Tina comes home and notices Diane is not happy. Tina asks what is wrong, but Diane says nothing and goes to bed without letting her feelings be known.

This scene, or one similar to it, plays out time and again for couples. Avoiding conflict can seem like a positive thing, and many people even believe that happy couples don’t fight at all.

This could not be further from the truth. Actually, the opposite is true—conflict avoidance can be downright toxic to relationships. Keeping painful feelings such as anger, loneliness, and despair to yourself in your relationship doesn’t make them disappear. On the contrary, trying to hold them in, rather than discussing them with your partner, can quickly lead to deep resentment that will create a tremendous gulf between you. So, while the goal of avoiding conflict might be to keep the peace, it often ends up creating more problems.

Certainly, there is still a lot to be said for the old adage, “Pick your battles.” Airing every single minute annoyance with your partner will create its own toxic dynamic in your relationship. So what should you bring to your partner and what should you keep to yourself?

Looking back at the example of Diane and Tina, this seems like something that needs to be discussed. Tina’s failure to keep her promises to her family is something that happens regularly. It wasn’t a fluke caused by an extra busy day at work. Tina’s behavior also seems to be causing Diane so much distress that she is questioning whether Tina even cares about her or their children. The frequency and the depth of the feelings involved are two pretty good indicators that a conversation is necessary.

The good news is that engaging in conflict in a healthy way can strengthen connections. For example, if Diane takes her issue to Tina, she might feel scared and Tina might get angry. It might turn into a fight. Tina might even take it as an opportunity to lodge some complaints against Diane. An all-out fight might ensue.

But if Diane and Tina are able stick with the discussion and use empathy to try to really understand each other’s experience, they will likely develop a deeper understanding of one another. Diane might come to appreciate the amount of stress that Tina feels over being the family’s primary breadwinner, and Tina might come to understand that Diane feels unappreciated and alone in the parenting and domestic tasks she is responsible for. As a result of this discussion, Tina might try to get home a little earlier and communicate how much she appreciates Diane’s work around the house, and Diane might be more vocal about her appreciation of the financial contribution Tina makes to the family.

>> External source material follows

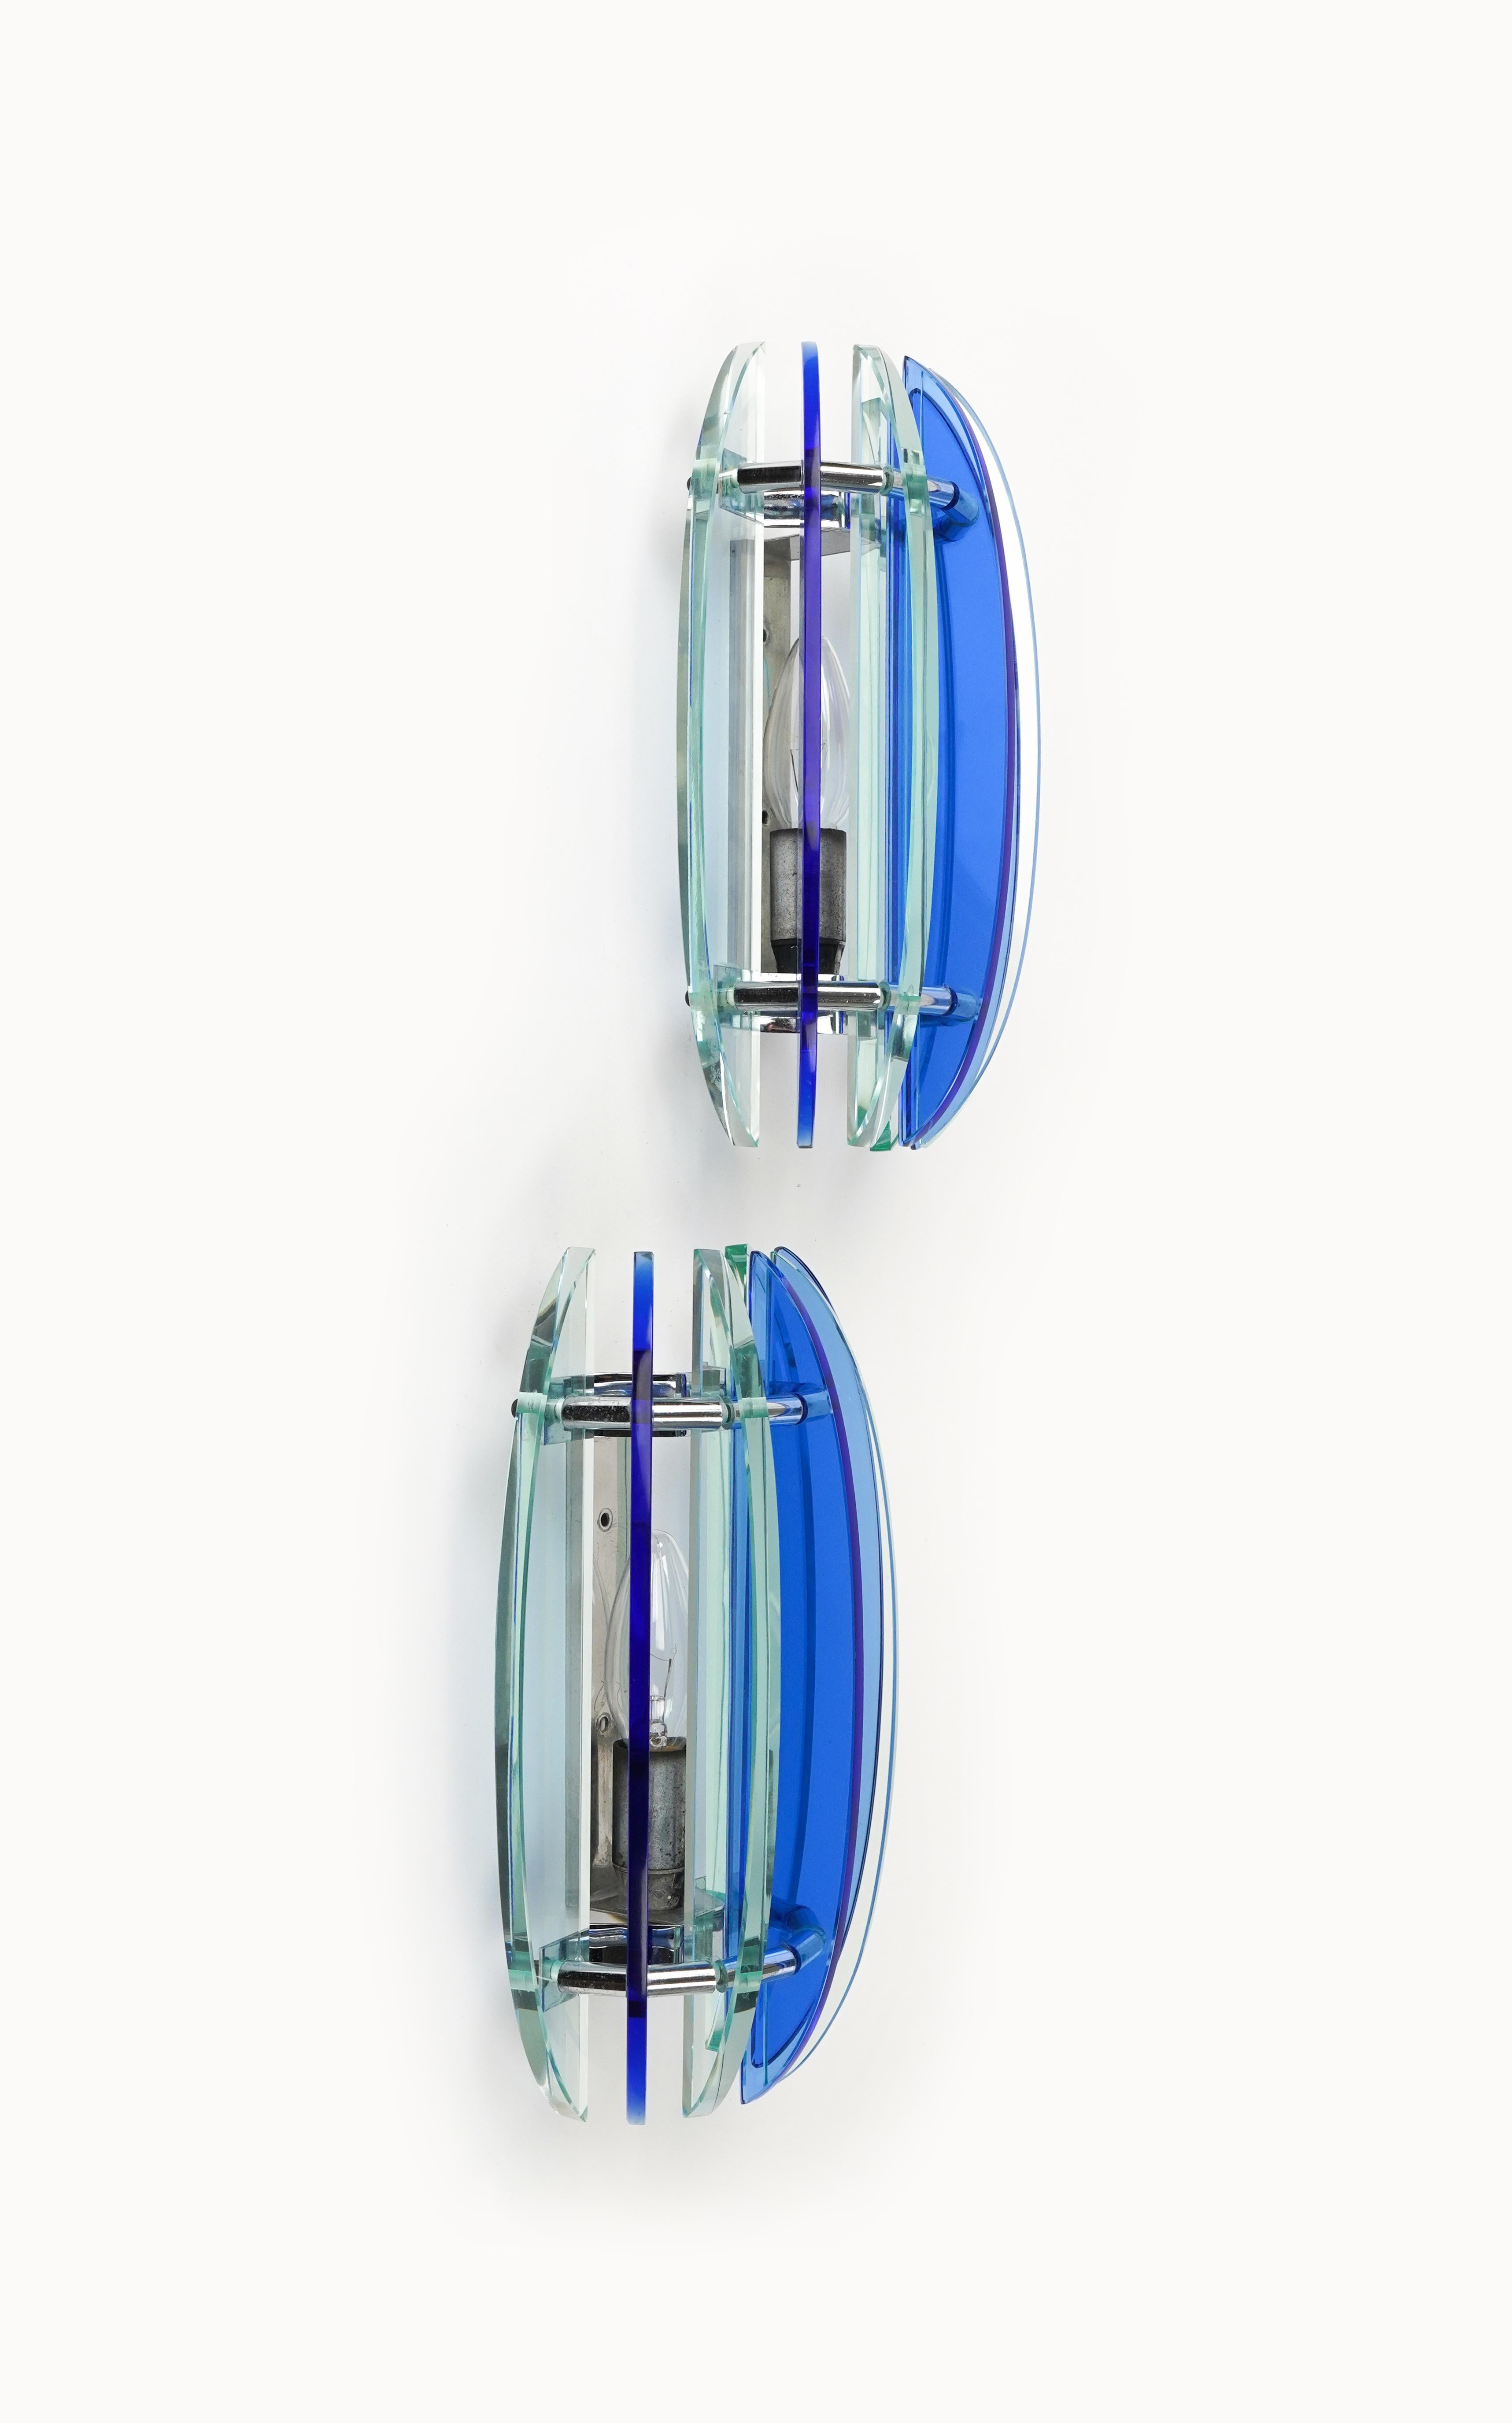 Metal Midcentury Pair of Wall Sconces in Colored Glass & Chrome by Veca, Italy, 1970s For Sale

With a little time, patience, and empathy, Diane and Tina might find that they resolved the issue and deepened the intimacy in their relationship in the process.

Some couples who have been avoiding conflict in their relationships for a long time might find that too much resentment has built up over time. They might not be able to make this shift on their own. They might find it beneficial to work with a couples therapist who can help them sort through the pain that underlies the resentment and learn new ways of communicating with one another.

The bottom line is that when two people come together to share their lives with each other, conflict is inevitable, but accepting it and learning to engage with each other in healthy ways will likely enrich the relationship.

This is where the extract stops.